= Ballade (forme fixe) =

Form of medieval and Renaissance French poetry

Se la face ay pale,
La cause est amer,
C'est la principale
Et tant m'est amer
  Amer, qu'en la mer
  Me voudroye voir;
  Or, scet bien de voir
  La belle a qui suis
  Que nul bien avoir
    Sans elle ne puis.

Se ay pesante male
De dueil a porter,
Ceste amour est male
Pour moy de porter;
  Car soy deporter
  Ne veult devouloir,
  Fors qu'a son vouloir
  Obeisse, et puis
  Qu'elle a tel pouvoir,
    Sans elle ne puis.

C'est la plus reale
Qu'on puist regarder,
De s'amour leiale
Ne me puis guarder,
  Fol sui de agarder
  Ne faire devoir
  D'amours recevoir
  Fors d'elle, je cuij;
  Se ne veil douloir,
    Sans elle ne puis.

— Guillaume Dufay

The ballade (/bəˈlɑːd/; /fr/; not to be confused with the ballad) is a form of medieval and Renaissance French poetry as well as the corresponding musical chanson form. It was one of the three formes fixes (the other two were the rondeau and the virelai) and one of the verse forms in France most commonly set to music between the late 13th and the 15th centuries.

The formes fixes were standard forms in French-texted song of the fourteenth and fifteenth centuries. The ballade is usually in three stanzas, each ending with a refrain (a repeated segment of text and music).

The ballade as a verse form typically consists of three eight-line stanzas, each with a consistent metre and a particular rhyme scheme. The last line in the stanza is a refrain. The stanzas are often followed by a four-line concluding stanza (an envoi) usually addressed to a prince. The rhyme scheme is therefore usually $\mathrm{ababbcbC \,\, ababbcbC \,\, ababbcbC}$, where the capital $\mathrm{C}$ is a refrain.

The many different rhyming words that are needed (the $\mathrm{b}$ rhyme needs at least fourteen words) makes the form more difficult for English than for French poets. Geoffrey Chaucer wrote in the form. It was revived in the 19th century by English-language poets including Dante Gabriel Rossetti and Algernon Charles Swinburne. Other notable English-language ballade writers are Andrew Lang, Hilaire Belloc and G. K. Chesterton (at Wikisource). A humorous example is Wendy Cope's Proverbial Ballade; another, by T. S. Eliot and satirising literary critics in a way akin to Catullus' Carmen 16, is entitled Triumph of Bull$#!+.

== Musical form ==

Schematic representation of a ballade stanza

Balladelle stanza

Cantus voice of Machaut's "Honte, paour, doubtance". Note the musical rhyme between the clos of part A (m.15–18) and the end of the refrain (m.27–29).

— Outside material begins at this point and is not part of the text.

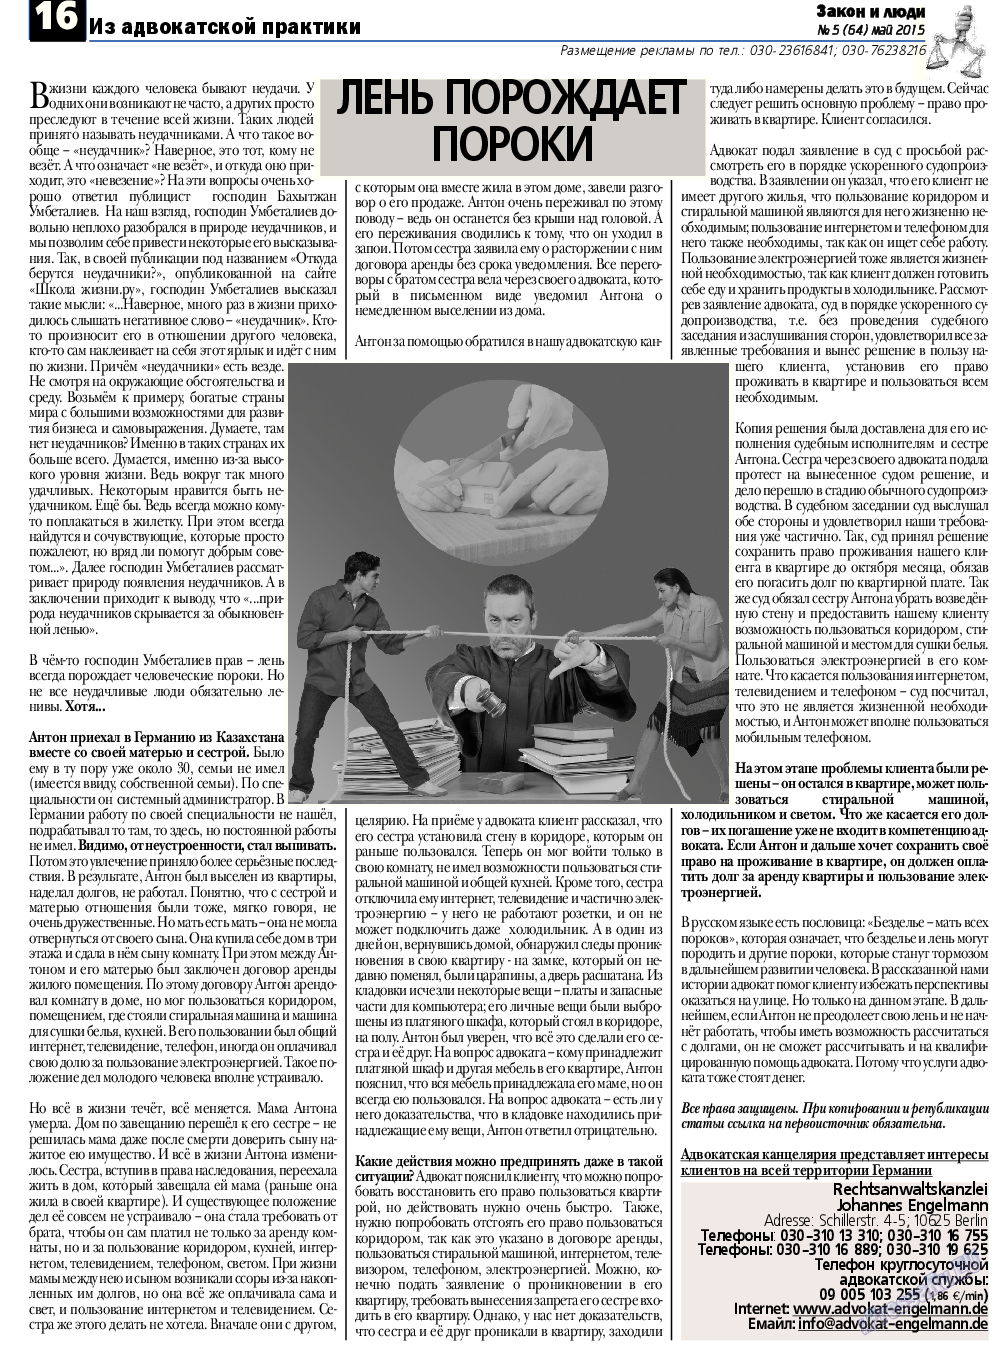 Закон и люди, газета. 2015 №5 стр.16

The musical form of a ballade stanza is a bar form ($\mathrm{AAB}$), with a first, repeated musical section (stollen) setting the two initial pairs of verses (rhyme scheme $\mathrm{ab \,\, ab}$), and the second section (abgesang) setting the remaining lines including the refrain verse ($\mathrm{bcbC}$). The two statements of the "$\mathrm{A}$" section often have different endings, known as "ouvert" and "clos" respectively, with the harmony of the "ouvert" ending leading back to the beginning and that of the "clos" ending leading forward into the "$\mathrm{B}$" section. In many ballades, the final part of the "$\mathrm{B}$" section may reintroduce melodic material referring back to the end of the $\mathrm{A}$ part, a feature known as "musical rhyme" (or, in German, Rücklaufballade). An alternative form employed by Machaut, known as ballade duplex or balladelle, has the $\mathrm{B}$ part also divided into two repetitions, with the refrain line sung as part of the repetition.

A famous exception to the normal form is "Se la face ay pale" by Guillaume Dufay, where the entire stanza is through-composed, i.e. without a repetition between the two "$\mathrm{A}$" sections.

==Notable writers of ballades==

Guillaume de Machaut wrote 42 ballades set to music. A few of them set two or even three poems to music simultaneously, with different texts sung in different voices. Most of the others have a single texted voice with either one or two untexted (instrumental) accompanying voices. One of the most notable writers of ballades in the 15th century was François Villon.

==Variations==

There are many easy-to-identify variations to the ballade; it is in many ways similar to the ode and chant royal. Some ballades have five stanzas. A seven-line ballade, or ballade royal, consists of four stanzas of rhyme royal, all using the same three rhymes, all ending in a refrain, without an envoi.

A ballade supreme has ten-line stanzas rhyming $\mathrm{ababbccdcD}$, with the envoi $\mathrm{ccdcD \,\, ccdccD}$. An example is Ballade des Pendus by François Villon. There are also instances of a double ballade and double-refrain ballade.